Computers can play Go now


Yesterday, Google's DeepMind announced that they reached the most significant milestone in pure AI since the solving of checkers in 2007: a Go AI called AlphaGo that's competitive with human professionals. (Strictly speaking, computers could play Go before yesterday, but they were ranked around midlevel amateurs at their best.) The whole paper is available here.

For those of you who aren't as much nerds about AI as I am, here's a quick primer on why this was thought to be a very hard problem (so hard that the people involved in the prior state of the art thought it was at least a decade away):

In the most theoretical conception, game-playing computers for perfect-information zero-sum games (most abstract board games: those with no hidden state with all players working toward the same objectives, to be not entirely accurate but more readable than perfect accuracy allows for) are as simple as exploring every possible move and every possible countermove from the current position to the end of the game.
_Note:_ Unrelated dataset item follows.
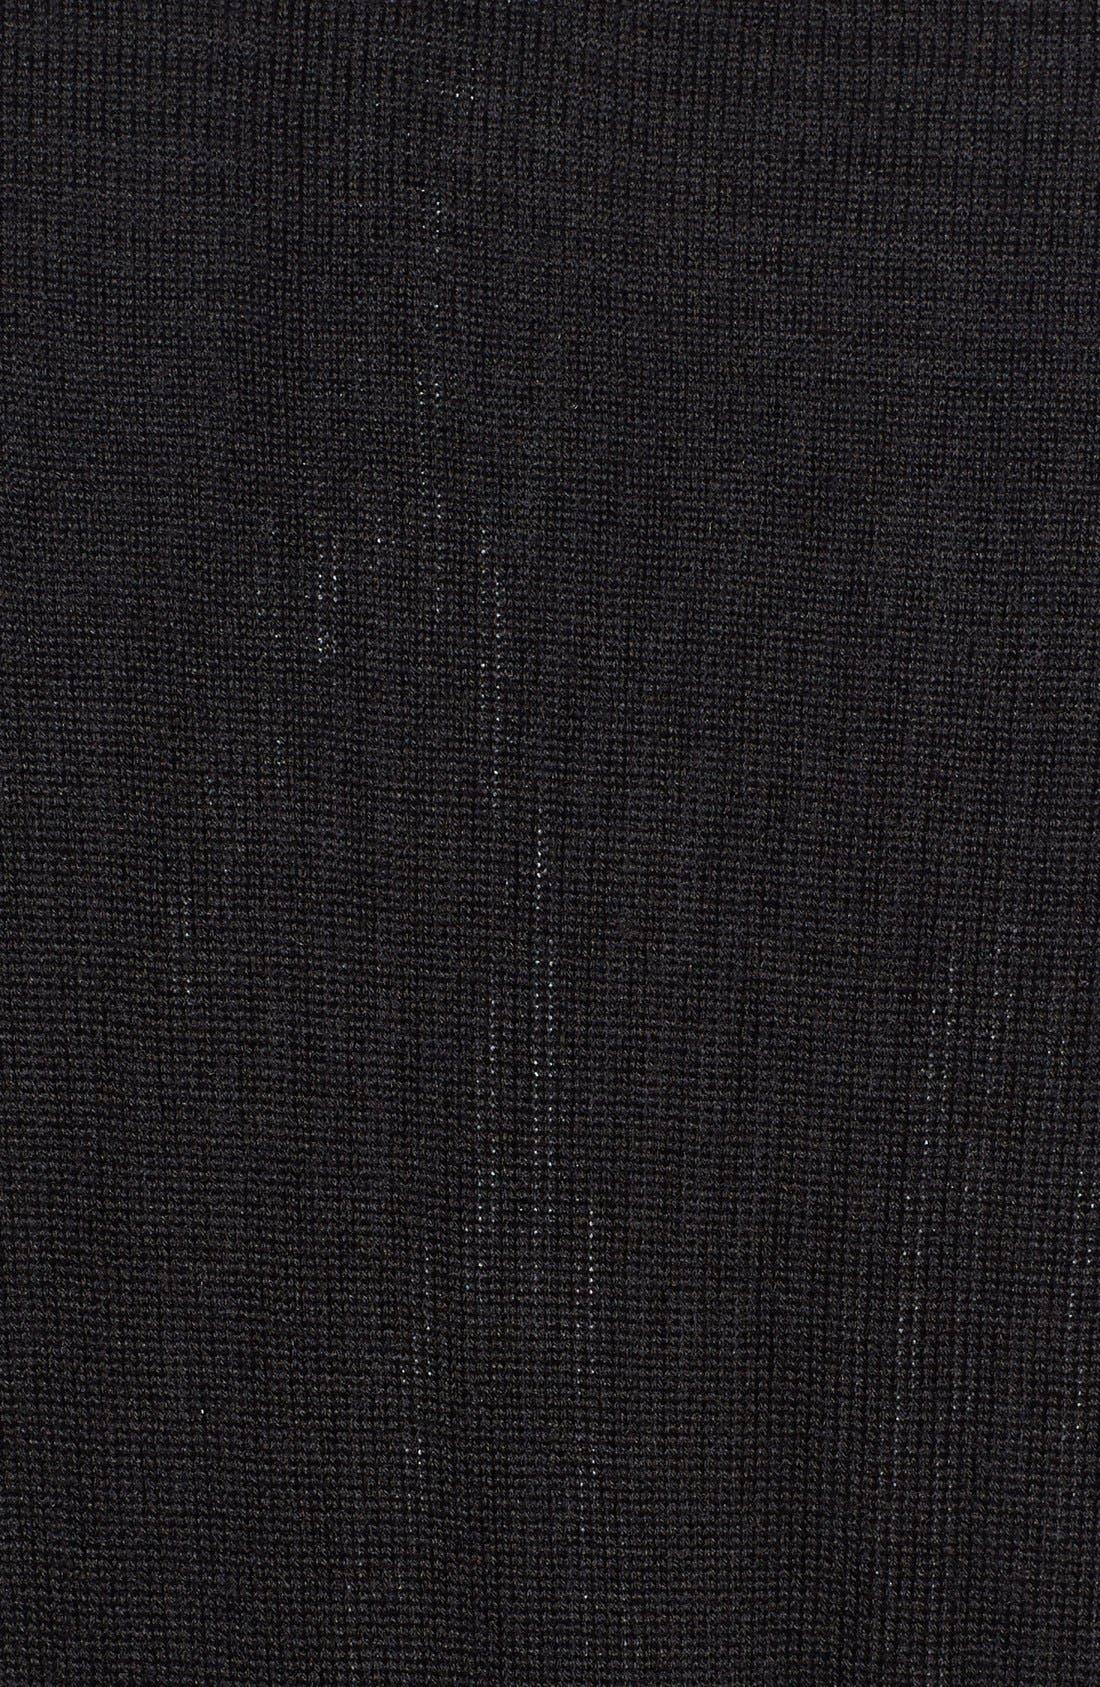 Alternate Image 2  - Cutter & Buck 'Douglas' Merino Wool Blend V-Neck Sweater (Online Only)

Assuming perfect play on both sides, every result will be either a win, a loss, or a draw—that is, abstract strategy games are perfectly deterministic. (Checkers isn't completely solved, but we do know now, as a result of the work from 2007, that perfect play on both sides from the start always yields a draw.)

This is, however, a massively impractical way to actually play a game, because the number of positions to explore rapidly turns intractable. Speed-focused modern chess engines search on the order of millions of nodes (in the game tree) per second, but searching a chess position exhaustively to a depth of 7 requires a search of about 60 billion nodes. Traditional games like chess and checkers yielded to some optimizations on this process:

  1. It's easy to look at a chess or checkers board and tell how well the game is going for a certain player: in both games, it comes down primarily to the balance of pieces. (The last I read, advantages in position are worth a pawn or two in a game of chess if they're all going your way; the queen is worth nine pawns.) So, you don't need to explore all the way to the bottom of the game tree to get an idea of which directions are promising. You just explore as deep as you can and evaluate the position.
  2. If you have a good evaluation function (that is, one that generally only evaluates a position as better when it's closer to winning), you can do some easy pruning when you come across a game state that's known to be worse than the worst possibility you've explored: in that case, you just don't explore any further in that direction. It works even better if you can assess which moves are likely to be good and explore those first: if you try the best move first, every subsequent move is going to turn out to be worse, and you'll save a bunch of time.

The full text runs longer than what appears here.